## Task brief
Both the line below containing "Buy this Pelican Wall or Door Hanging Prints" and the line containing "Concept futuriste d’un", along with every line between them, should be repeated exactly; no other line belongs in the answer.

## Records drawn from a dataset
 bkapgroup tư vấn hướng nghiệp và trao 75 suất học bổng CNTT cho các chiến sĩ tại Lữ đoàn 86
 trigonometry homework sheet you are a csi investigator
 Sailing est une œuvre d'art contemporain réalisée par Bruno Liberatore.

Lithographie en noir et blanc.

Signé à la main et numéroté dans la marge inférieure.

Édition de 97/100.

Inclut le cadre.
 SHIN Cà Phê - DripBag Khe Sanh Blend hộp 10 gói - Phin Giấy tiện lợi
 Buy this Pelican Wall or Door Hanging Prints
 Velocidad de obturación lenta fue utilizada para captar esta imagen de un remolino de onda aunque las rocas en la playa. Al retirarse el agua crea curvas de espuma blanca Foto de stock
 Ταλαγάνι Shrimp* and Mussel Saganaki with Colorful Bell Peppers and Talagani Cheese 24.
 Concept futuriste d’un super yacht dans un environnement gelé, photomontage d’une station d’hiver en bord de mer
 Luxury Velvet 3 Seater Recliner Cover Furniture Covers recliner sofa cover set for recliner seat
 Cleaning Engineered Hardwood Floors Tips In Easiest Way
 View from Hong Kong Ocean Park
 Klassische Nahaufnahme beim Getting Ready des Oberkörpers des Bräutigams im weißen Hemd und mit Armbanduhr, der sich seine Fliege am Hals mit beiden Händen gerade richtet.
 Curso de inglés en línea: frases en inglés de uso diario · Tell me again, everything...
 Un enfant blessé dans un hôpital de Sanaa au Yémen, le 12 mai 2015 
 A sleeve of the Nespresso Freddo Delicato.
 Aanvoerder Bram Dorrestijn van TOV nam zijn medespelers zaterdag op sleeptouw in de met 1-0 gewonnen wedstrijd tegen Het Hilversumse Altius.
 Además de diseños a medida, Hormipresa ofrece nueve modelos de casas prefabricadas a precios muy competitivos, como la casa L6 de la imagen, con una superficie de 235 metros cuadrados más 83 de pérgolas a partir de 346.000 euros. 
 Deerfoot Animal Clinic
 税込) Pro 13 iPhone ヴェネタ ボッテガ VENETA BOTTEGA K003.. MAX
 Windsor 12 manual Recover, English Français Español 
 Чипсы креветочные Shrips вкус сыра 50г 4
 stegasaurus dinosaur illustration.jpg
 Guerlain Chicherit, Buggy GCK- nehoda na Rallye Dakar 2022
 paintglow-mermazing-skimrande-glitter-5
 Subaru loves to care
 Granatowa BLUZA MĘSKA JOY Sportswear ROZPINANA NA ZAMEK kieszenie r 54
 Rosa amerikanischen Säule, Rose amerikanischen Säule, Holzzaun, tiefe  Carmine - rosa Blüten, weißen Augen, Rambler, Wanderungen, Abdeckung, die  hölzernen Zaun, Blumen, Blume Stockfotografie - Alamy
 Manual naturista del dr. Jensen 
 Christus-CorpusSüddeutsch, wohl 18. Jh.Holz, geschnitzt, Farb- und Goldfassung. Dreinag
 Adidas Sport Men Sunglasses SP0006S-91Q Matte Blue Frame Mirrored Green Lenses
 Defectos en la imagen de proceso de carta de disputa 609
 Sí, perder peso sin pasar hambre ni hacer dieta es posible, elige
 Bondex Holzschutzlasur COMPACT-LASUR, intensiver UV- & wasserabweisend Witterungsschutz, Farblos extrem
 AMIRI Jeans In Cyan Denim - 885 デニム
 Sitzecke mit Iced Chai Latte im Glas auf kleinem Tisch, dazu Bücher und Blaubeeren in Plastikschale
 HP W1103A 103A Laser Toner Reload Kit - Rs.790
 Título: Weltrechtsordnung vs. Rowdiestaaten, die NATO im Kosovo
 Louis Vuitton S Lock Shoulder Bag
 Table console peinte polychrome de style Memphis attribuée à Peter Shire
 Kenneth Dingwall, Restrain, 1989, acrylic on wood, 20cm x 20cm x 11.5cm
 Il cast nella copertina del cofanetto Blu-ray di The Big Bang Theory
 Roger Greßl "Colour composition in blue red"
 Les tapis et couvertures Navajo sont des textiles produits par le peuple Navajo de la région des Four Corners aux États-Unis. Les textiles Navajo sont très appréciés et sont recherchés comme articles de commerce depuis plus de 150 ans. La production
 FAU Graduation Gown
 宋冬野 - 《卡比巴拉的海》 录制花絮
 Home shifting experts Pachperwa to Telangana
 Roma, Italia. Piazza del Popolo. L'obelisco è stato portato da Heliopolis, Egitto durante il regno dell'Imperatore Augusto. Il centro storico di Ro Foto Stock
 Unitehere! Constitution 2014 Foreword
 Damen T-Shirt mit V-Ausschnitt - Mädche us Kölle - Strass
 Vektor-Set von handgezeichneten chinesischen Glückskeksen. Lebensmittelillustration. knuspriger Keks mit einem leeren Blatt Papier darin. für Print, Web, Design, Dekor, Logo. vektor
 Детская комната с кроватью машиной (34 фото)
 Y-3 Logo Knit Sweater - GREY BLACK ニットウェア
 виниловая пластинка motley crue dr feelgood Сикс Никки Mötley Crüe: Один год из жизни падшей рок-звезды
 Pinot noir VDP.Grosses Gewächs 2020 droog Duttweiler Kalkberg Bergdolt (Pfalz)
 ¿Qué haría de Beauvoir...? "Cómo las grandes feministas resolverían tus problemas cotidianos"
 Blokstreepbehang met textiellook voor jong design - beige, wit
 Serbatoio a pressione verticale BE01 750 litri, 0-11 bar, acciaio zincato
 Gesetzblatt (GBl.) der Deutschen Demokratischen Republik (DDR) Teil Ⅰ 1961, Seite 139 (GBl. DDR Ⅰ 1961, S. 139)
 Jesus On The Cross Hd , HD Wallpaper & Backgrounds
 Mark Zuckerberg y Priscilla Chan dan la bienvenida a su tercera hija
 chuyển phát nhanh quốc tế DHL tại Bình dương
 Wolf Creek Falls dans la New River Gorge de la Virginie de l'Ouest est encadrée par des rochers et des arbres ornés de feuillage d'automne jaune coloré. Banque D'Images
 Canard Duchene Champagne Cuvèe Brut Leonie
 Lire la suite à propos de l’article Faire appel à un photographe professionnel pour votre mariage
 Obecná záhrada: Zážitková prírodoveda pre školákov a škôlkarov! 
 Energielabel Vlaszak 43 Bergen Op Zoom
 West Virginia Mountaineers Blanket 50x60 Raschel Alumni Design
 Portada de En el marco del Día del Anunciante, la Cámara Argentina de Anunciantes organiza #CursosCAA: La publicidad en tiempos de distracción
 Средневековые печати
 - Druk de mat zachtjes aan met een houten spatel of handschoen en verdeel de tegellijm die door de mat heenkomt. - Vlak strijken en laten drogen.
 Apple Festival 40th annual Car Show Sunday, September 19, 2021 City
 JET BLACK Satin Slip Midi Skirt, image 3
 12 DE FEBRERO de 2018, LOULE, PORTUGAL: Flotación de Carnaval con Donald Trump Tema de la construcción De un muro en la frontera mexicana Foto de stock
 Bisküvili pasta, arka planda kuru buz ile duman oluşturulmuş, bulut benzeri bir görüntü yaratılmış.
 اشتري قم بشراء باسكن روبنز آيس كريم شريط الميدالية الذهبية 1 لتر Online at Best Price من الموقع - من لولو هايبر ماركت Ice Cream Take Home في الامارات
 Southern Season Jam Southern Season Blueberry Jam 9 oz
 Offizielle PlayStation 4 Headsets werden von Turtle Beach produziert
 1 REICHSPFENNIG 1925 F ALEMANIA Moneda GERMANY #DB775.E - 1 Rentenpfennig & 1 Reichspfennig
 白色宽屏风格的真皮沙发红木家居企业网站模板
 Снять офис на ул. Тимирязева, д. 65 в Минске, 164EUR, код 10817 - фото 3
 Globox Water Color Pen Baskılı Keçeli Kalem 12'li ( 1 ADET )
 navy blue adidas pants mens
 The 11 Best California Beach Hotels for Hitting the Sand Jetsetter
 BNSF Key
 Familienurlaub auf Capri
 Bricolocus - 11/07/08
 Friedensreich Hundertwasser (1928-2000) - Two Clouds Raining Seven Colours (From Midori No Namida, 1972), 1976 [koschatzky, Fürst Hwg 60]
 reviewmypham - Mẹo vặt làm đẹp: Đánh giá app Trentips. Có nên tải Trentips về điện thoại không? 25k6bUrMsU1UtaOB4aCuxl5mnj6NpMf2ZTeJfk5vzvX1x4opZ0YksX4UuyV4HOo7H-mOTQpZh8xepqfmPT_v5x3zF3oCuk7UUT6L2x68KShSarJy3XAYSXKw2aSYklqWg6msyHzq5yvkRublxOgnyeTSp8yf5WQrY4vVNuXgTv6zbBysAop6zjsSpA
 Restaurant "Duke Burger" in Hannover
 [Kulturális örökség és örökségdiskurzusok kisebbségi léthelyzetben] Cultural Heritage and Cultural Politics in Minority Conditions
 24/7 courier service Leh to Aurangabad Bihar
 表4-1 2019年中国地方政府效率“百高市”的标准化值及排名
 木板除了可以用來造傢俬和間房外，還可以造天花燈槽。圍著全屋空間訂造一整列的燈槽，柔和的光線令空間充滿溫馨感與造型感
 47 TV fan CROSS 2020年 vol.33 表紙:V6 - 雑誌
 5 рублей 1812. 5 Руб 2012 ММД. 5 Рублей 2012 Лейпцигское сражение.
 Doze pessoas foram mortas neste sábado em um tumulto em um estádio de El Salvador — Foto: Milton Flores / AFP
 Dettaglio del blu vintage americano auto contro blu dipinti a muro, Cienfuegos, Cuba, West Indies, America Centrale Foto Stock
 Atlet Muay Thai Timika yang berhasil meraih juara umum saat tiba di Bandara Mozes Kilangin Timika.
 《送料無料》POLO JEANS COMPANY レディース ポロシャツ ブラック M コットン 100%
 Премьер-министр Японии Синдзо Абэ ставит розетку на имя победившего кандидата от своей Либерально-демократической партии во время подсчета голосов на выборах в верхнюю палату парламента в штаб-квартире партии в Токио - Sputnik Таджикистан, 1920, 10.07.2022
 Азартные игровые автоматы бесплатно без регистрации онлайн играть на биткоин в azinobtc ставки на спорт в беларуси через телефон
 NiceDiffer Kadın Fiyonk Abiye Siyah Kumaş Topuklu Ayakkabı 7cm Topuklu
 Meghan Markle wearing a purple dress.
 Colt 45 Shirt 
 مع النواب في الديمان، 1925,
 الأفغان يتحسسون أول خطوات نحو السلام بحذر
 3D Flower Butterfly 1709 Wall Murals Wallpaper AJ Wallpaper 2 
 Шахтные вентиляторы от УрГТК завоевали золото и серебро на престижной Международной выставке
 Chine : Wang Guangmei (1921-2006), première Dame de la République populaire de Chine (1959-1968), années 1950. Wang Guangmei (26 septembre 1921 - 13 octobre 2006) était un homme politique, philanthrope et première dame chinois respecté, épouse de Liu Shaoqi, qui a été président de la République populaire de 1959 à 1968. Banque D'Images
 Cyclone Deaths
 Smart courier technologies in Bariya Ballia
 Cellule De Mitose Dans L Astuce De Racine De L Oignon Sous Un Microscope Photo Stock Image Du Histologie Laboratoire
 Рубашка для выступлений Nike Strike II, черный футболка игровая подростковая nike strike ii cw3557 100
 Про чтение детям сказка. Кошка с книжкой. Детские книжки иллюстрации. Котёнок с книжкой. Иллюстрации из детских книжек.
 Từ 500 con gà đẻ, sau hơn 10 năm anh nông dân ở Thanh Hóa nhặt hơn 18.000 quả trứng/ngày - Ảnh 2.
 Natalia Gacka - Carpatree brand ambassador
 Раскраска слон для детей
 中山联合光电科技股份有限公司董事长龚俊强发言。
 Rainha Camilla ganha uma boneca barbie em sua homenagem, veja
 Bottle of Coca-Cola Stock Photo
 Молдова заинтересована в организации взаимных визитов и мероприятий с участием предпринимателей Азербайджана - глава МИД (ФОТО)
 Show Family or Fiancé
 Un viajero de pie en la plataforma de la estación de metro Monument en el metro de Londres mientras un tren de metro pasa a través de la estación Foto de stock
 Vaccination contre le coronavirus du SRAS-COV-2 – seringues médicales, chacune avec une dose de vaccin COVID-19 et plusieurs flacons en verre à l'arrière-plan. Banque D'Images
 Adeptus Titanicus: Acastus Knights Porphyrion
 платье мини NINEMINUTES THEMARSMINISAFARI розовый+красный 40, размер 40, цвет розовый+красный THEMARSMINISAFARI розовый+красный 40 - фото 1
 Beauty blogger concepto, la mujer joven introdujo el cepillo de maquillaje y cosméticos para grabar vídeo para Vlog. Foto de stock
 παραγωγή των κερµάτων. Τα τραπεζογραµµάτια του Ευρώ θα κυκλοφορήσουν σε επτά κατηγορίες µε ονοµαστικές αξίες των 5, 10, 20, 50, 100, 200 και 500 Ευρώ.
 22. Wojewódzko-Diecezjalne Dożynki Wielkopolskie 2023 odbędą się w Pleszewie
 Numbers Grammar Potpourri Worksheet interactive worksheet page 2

## Result of this exercise
 Buy this Pelican Wall or Door Hanging Prints
 Velocidad de obturación lenta fue utilizada para captar esta imagen de un remolino de onda aunque las rocas en la playa. Al retirarse el agua crea curvas de espuma blanca Foto de stock
 Ταλαγάνι Shrimp* and Mussel Saganaki with Colorful Bell Peppers and Talagani Cheese 24.
 Concept futuriste d’un super yacht dans un environnement gelé, photomontage d’une station d’hiver en bord de mer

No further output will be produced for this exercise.